Some may argue not to worry about optimizing little things like this but I feel that something this simple to fix should be done immediately. I would hate to see your application create multiple copies of anything that it doesn't need to simply to preserve an arbitrary sense of "code beauty". :)
Option 3:
def do_something(a_list = ("any", "think", "whatever")):
read something from a_list
Option 3 compared to Option 1:
Both are equally readable in my opinion (though some seem to think differently in the comments! :-) ). You could even write Option 3 like this
def do_something(
a_list = ("any", "think", "whatever")):
read something from a_list
which really minimizes the difference in terms of readability.
Unlike Option 1, however, Option 3 defines a_list only once -- at the time when do_something is defined. That's exactly what we want.
Option 3 compared to Option 2:
Avoid global variables if possible. Option 3 allows you to do that.
Also, with Option 2, over time or if other people maintain this code, the definition of a_list could get separated from def do_something.

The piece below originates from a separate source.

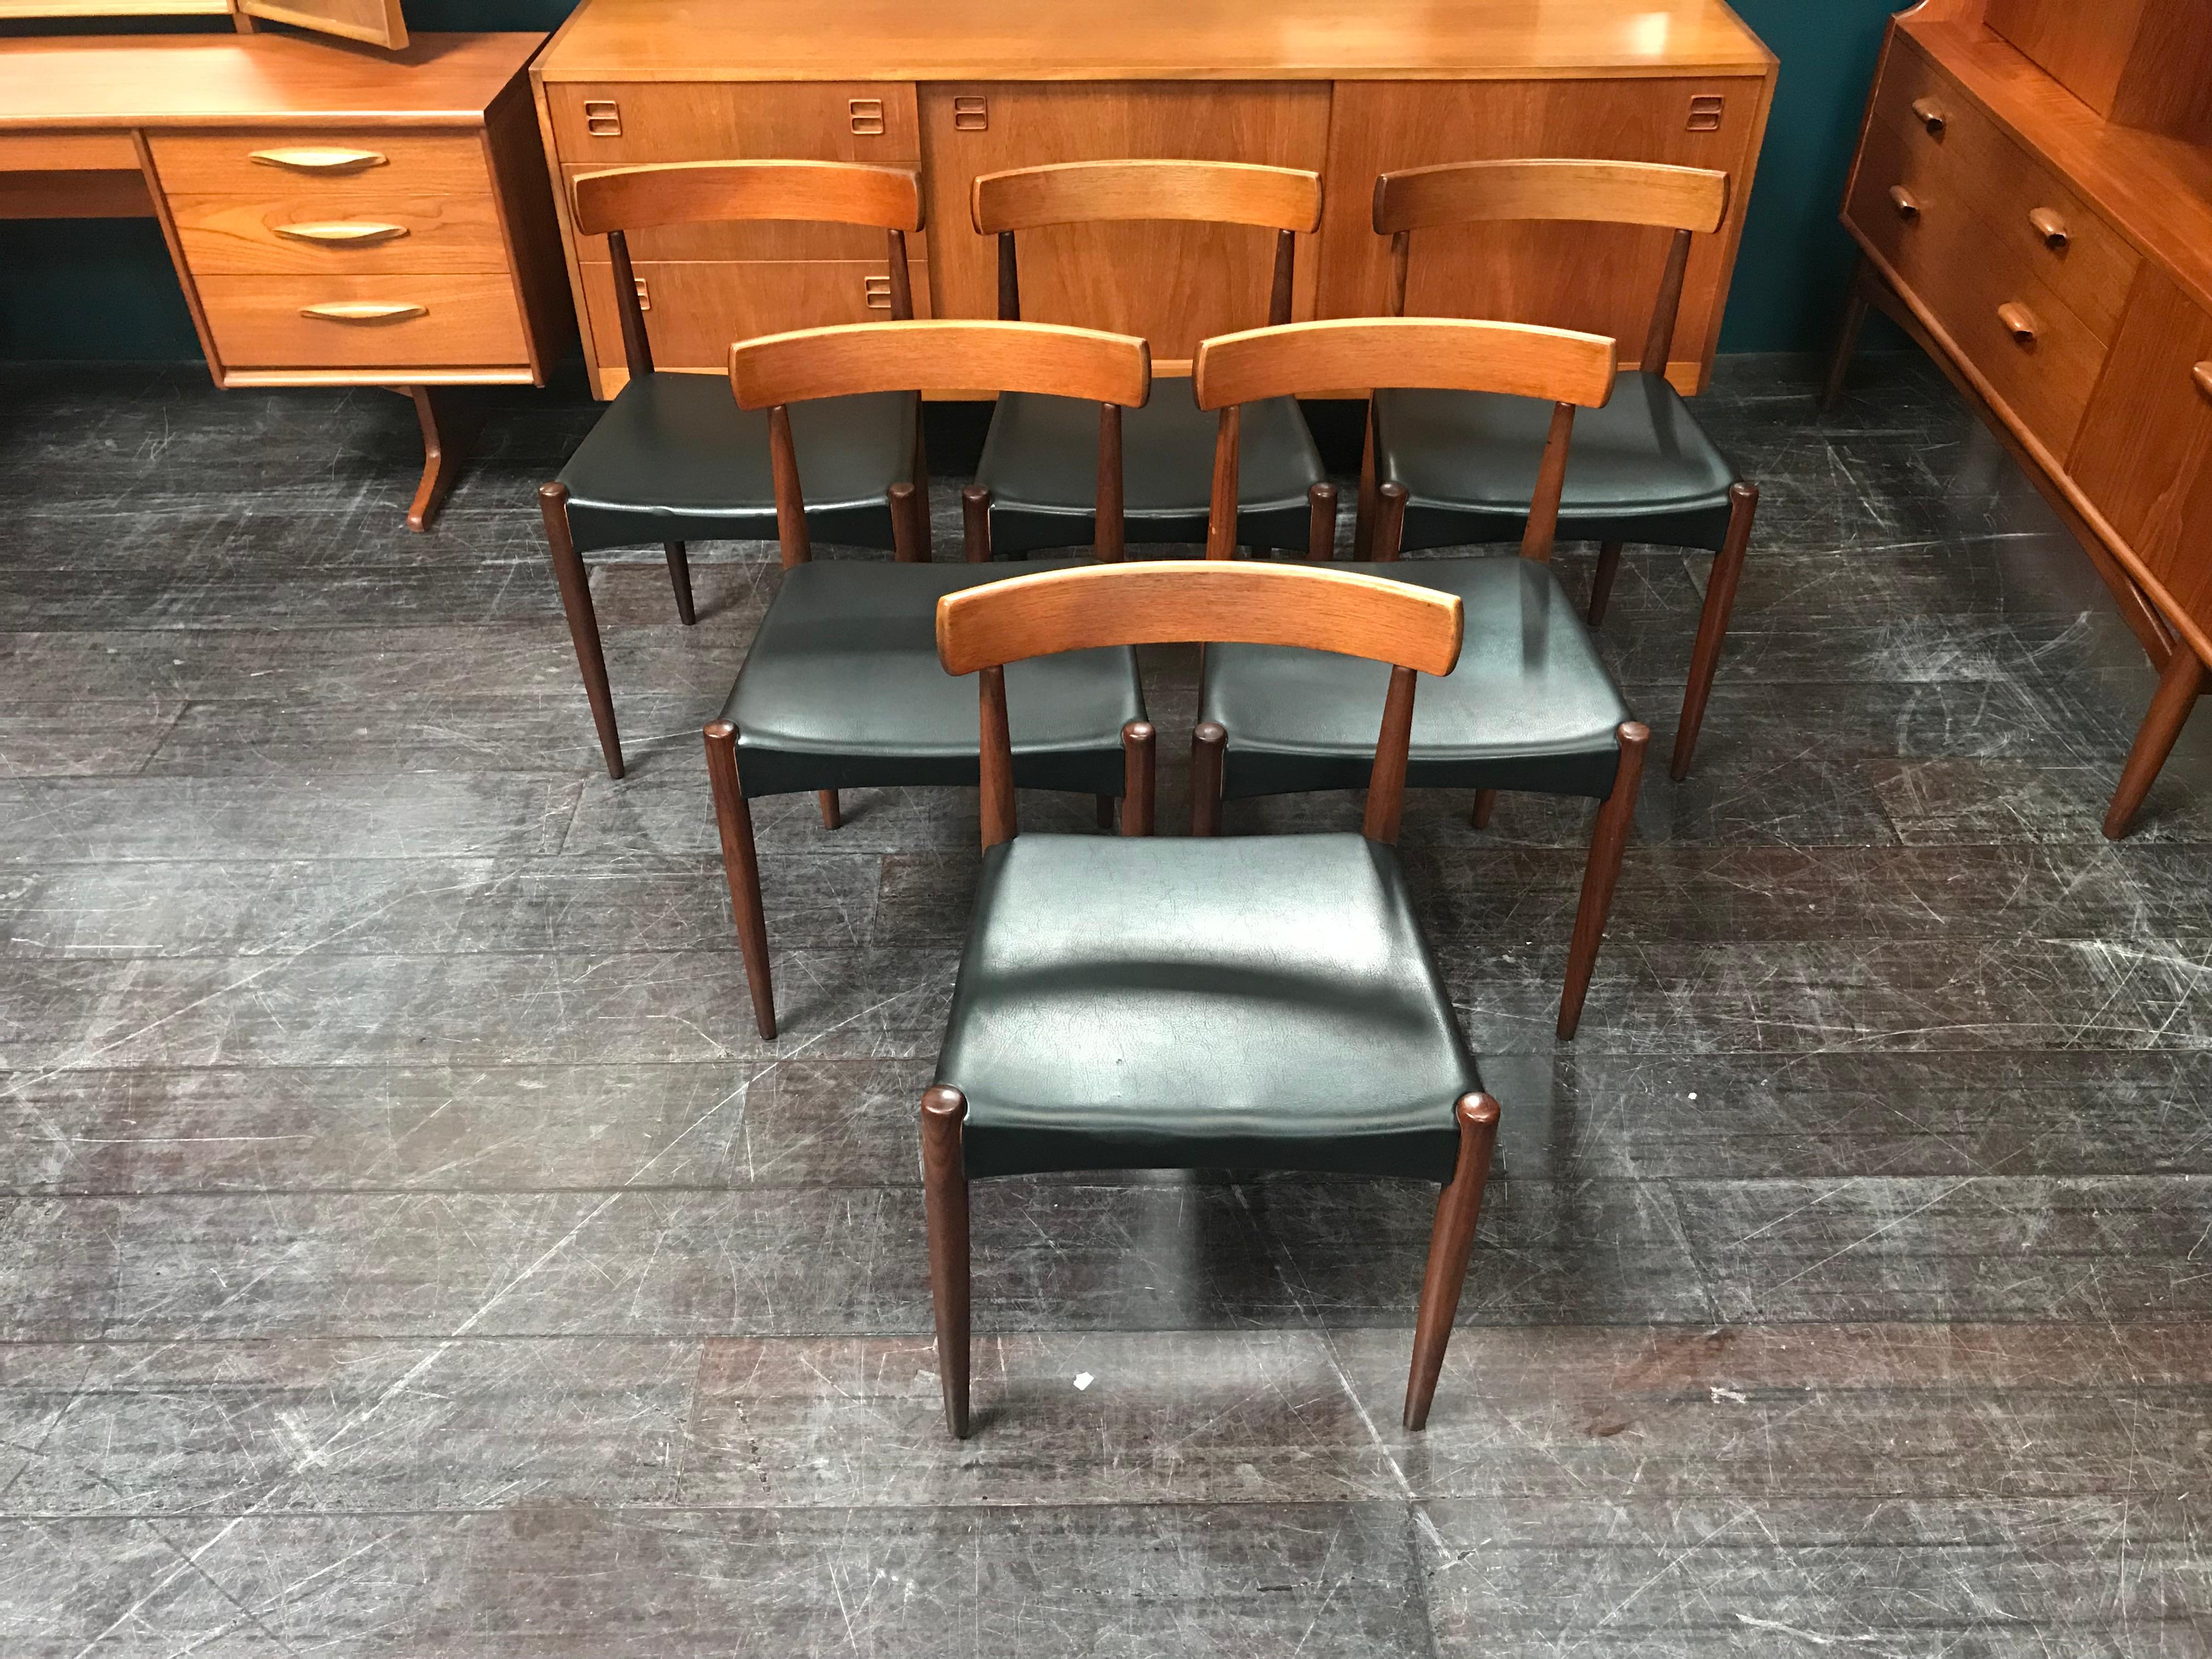 A stunning set of six Hovmand Olsen chairs with black vinyl seat pads. These elegant dining chairs were designed for the Danish manufacturer Mogens Kold and are made from teak.

Danish furniture designer Arne Hovmand-Olsen was born in Kirkeby Sogn

This may not be a big deal, but I think it is somewhat undesireable.
if your a_list doesn't change, move it out of the function.
You have some data
You have a method associated with it
You don't want to keep the data globally just for the sake of optimising the speed of the method unless you have to.
I think this is what classes are for.
class Processor:
def __init__(this):
this.data = "any thing whatever".split()
def fun(this,arg):
# do stuff with arg and list
inst = Processor()
inst.fun("skippy)
Also, if you someday want to separate out the data into a file, you can just modify the constructor to do so.
Well it seems it comes down to initializing the array in the function or not:
import time
def fun1():
a = ['any', 'think', 'whatever']
sum = 0
for i in range(100):
sum += i
def fun2():
sum = 0
for i in range(100):
sum += i
def test_fun(fun, times):
start = time.time()
for i in range(times):
fun()
end=time.time()
print "Function took %s" % (end-start)
# Test
print 'warming up'
test_fun(fun1, 100)
test_fun(fun2, 100)
print 'Testing fun1'
test_fun(fun1, 100000)
print 'Testing fun2'
test_fun(fun2, 100000)
print 'Again'
print 'Testing fun1'
test_fun(fun1, 100000)
print 'Testing fun2'
test_fun(fun2, 100000)
and the results:
>python test.py
warming up
Function took 0.000604152679443
Function took 0.000600814819336
Testing fun1
Function took 0.597407817841
Testing fun2
Function took 0.580779075623
Again
Testing fun1
Function took 0.595198154449
Testing fun2
Function took 0.580571889877
Looks like there is no difference.
I've worked on automated systems that process 100,000,000+ records a day, where a 1% percent performance improvement is huge.
I learned a big lesson working on that system: Faster is better, but only when you know when it's fast enough.
A 1% improvement would have been a huge reduction in total processing time, but it isn't enough to effect when we would need our next hardware upgrade. My application was so fast, that the amount of time I spent trying to milk that last 1% probably cost more than a new server would have.
In your case, you would have to call do_something tens of thousands of times before making a significant difference in performance. In some cases that would make a difference, in other it won't.
If the list is never modified, why do you use lists at all?
Without knowing your actual requirements, I'd recommend to simply use some if-statements to get rid of the list and the "read something from list" part completely.